▶ **YOUR INSTRUCTIONS**
Please reproduce the data exactly, though every picture must stay out.

▶ **GIVEN DATA**
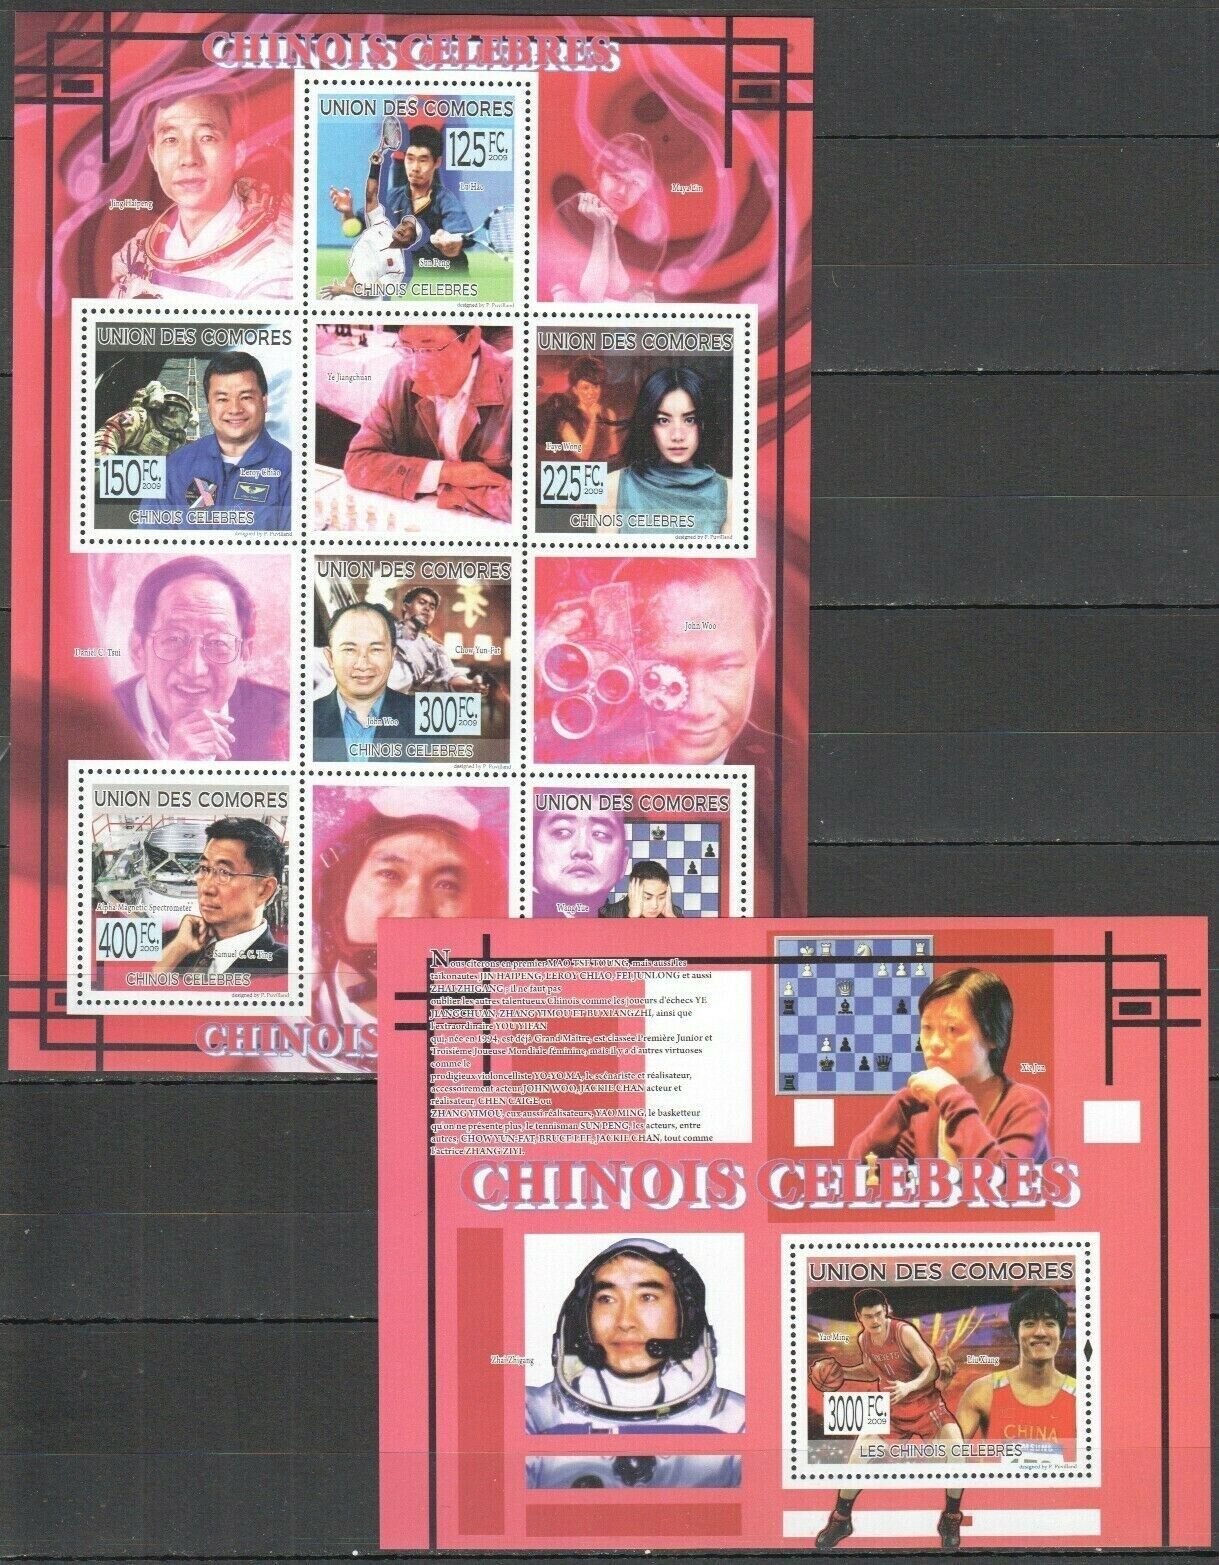 Comores 2009 Chinese Celebrities Basketball Tennis Chess Space Cinema
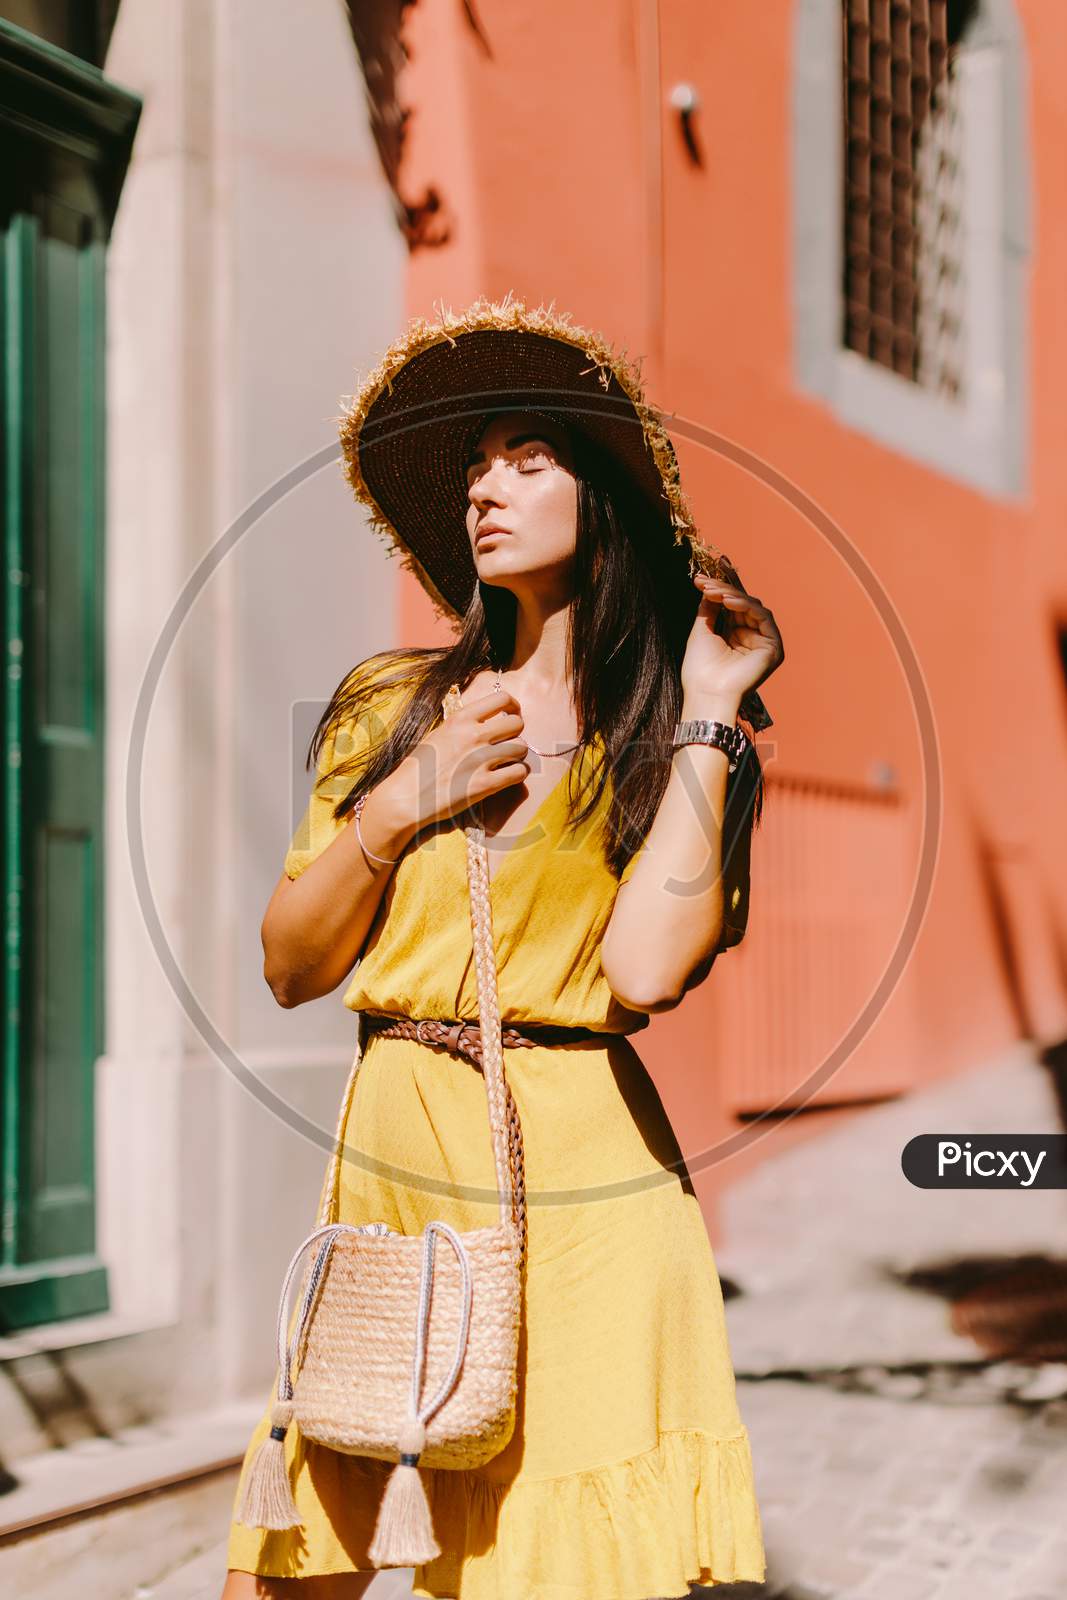 Attractive Woman In Summer Dress And Straw Hat With Handbag Walking
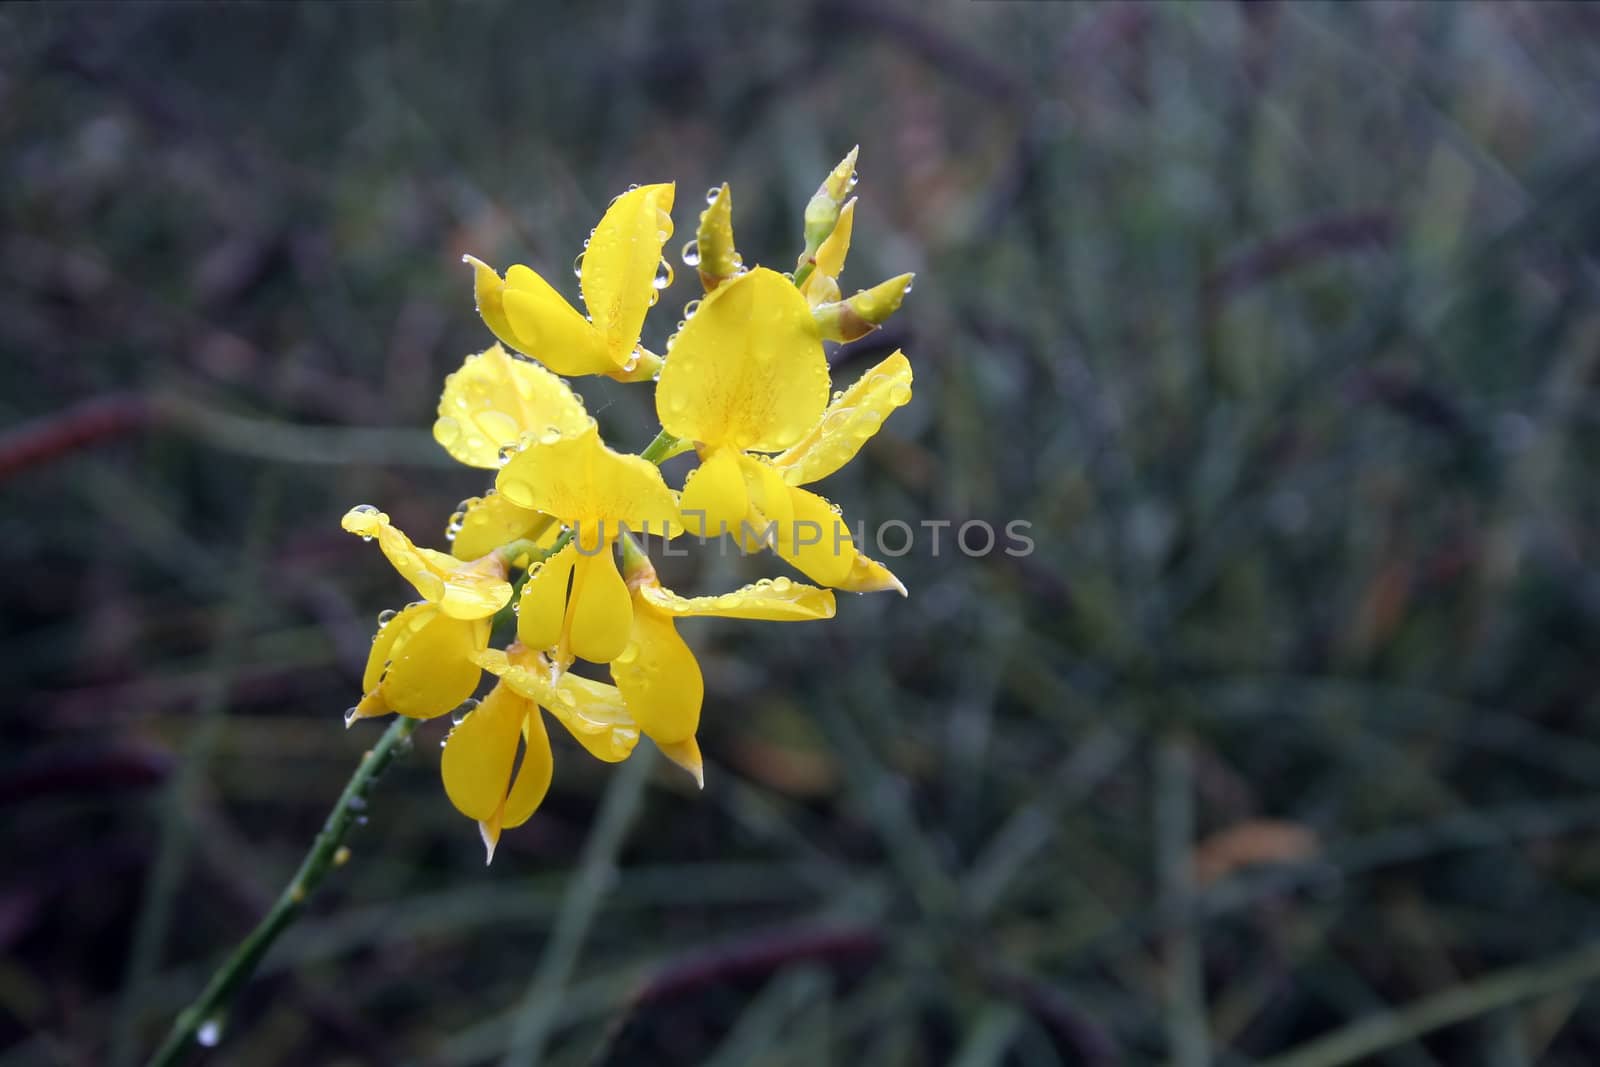 Yellow flowers of a gorse shrub during a september rain. Thick raindrops on the petals.

▶ **ANSWER TO THE PROBLEM**
 Comores 2009 Chinese Celebrities Basketball Tennis Chess Space Cinema
 Attractive Woman In Summer Dress And Straw Hat With Handbag Walking
 Yellow flowers of a gorse shrub during a september rain. Thick raindrops on the petals.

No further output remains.